2005 in Iraq was marked by the first elections held in the country since the fall of Saddam Hussein.

==January==
- January 2: Suicide car bombers rammed a bus carrying Iraqi National Guardsmen outside a U.S. military base near Balad, 45 miles north of Baghdad, killing 26 people.
- January 3: A suicide car bomb near the Green Zone in Baghdad killed at least four foreign civilian contractors, including three Britons and an American. A suicide bomb in Baghdad exploded near the headquarters of the Iraqi National Accord Party, killing two police officers and a civilian. A suicide car bomber in Balad killed four Iraqi National Guardsmen and wounded 14.

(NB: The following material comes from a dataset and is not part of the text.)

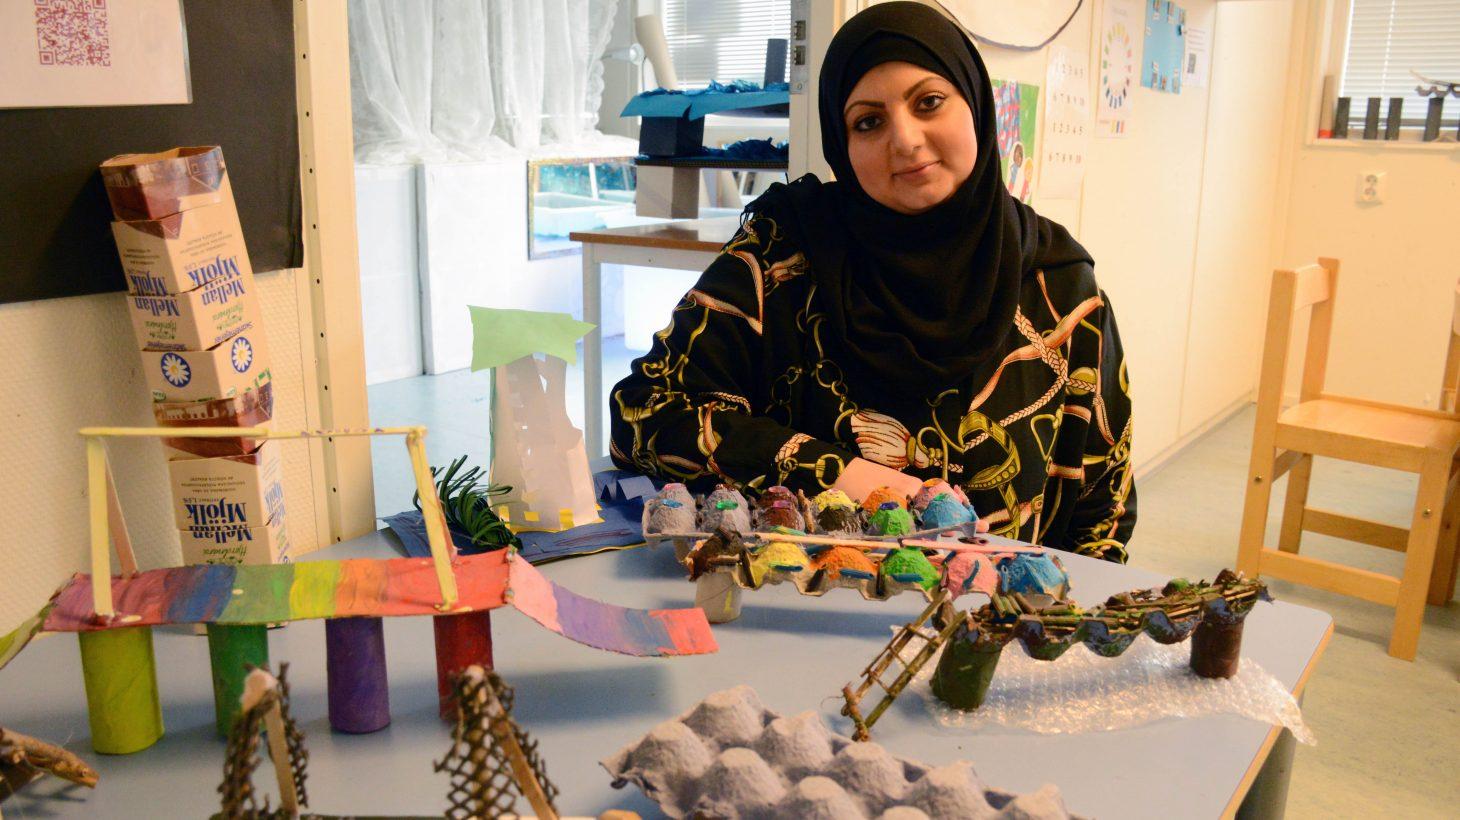 Barnskötare Sabah Baltaji vid ett bord med miniatyrer av Öresundsbron gjorda av återvinningsbart material.

- January 4: A suicide truck bomber targeted a compound housing an elite commando division of the Iraqi Police force in Baghdad, killing at least eight officers.
- January 5: Fezan Khan hit a police academy and recruiting station in Hillah during a graduation ceremony, killing 19 people. Six police officers were killed when a suicide car bomber struck a checkpoint in the al-Mafraq neighborhood of Baqubah. A suicide bomber struck in Baghdad near a US convoy, killing two Iraqi civilians.
- January 8: A suicide car bomb detonated by a gas station in southern Baghdad, killing four and wounding nineteen.
- January 10: A suicide bomber drove his vehicle into an Iraqi Border Security Forces base in Rubai'a, killing four soldiers. A suicide bomber detonated his vehicle in the courtyard of a police station in southern Baghdad, killing seven people including four police officers.
- January 11: A suicide bomber detonated his car near a police station in Tikrit, killing seven Iraqi policemen. A suicide car bomber targeted the Interior Ministry in Basra, killing one person. A suicide bomber detonated his vehicle outside the Independent Electoral Commission in Basra, injuring no-one but himself.
- January 13: Four suicide bombers struck in Baghdad within a 90-minute period, killing at least 25 Iraqis. The targets included the Australian embassy, a hospital, Baghdad International Airport, and the Iraqi Army base of Al-Muthanna Airport. None of the bombers penetrated the security checkpoints at their targets.
- January 16: A suicide car bomber struck at a crowd of people gathering for the funeral of a police officer in Kut, killing seven.
- January 17: At least ten people, including seven Iraqi Police officers, were killed when a suicide bomber exploded his vehicle at a checkpoint outside an Iraqi police headquarters in Baiji.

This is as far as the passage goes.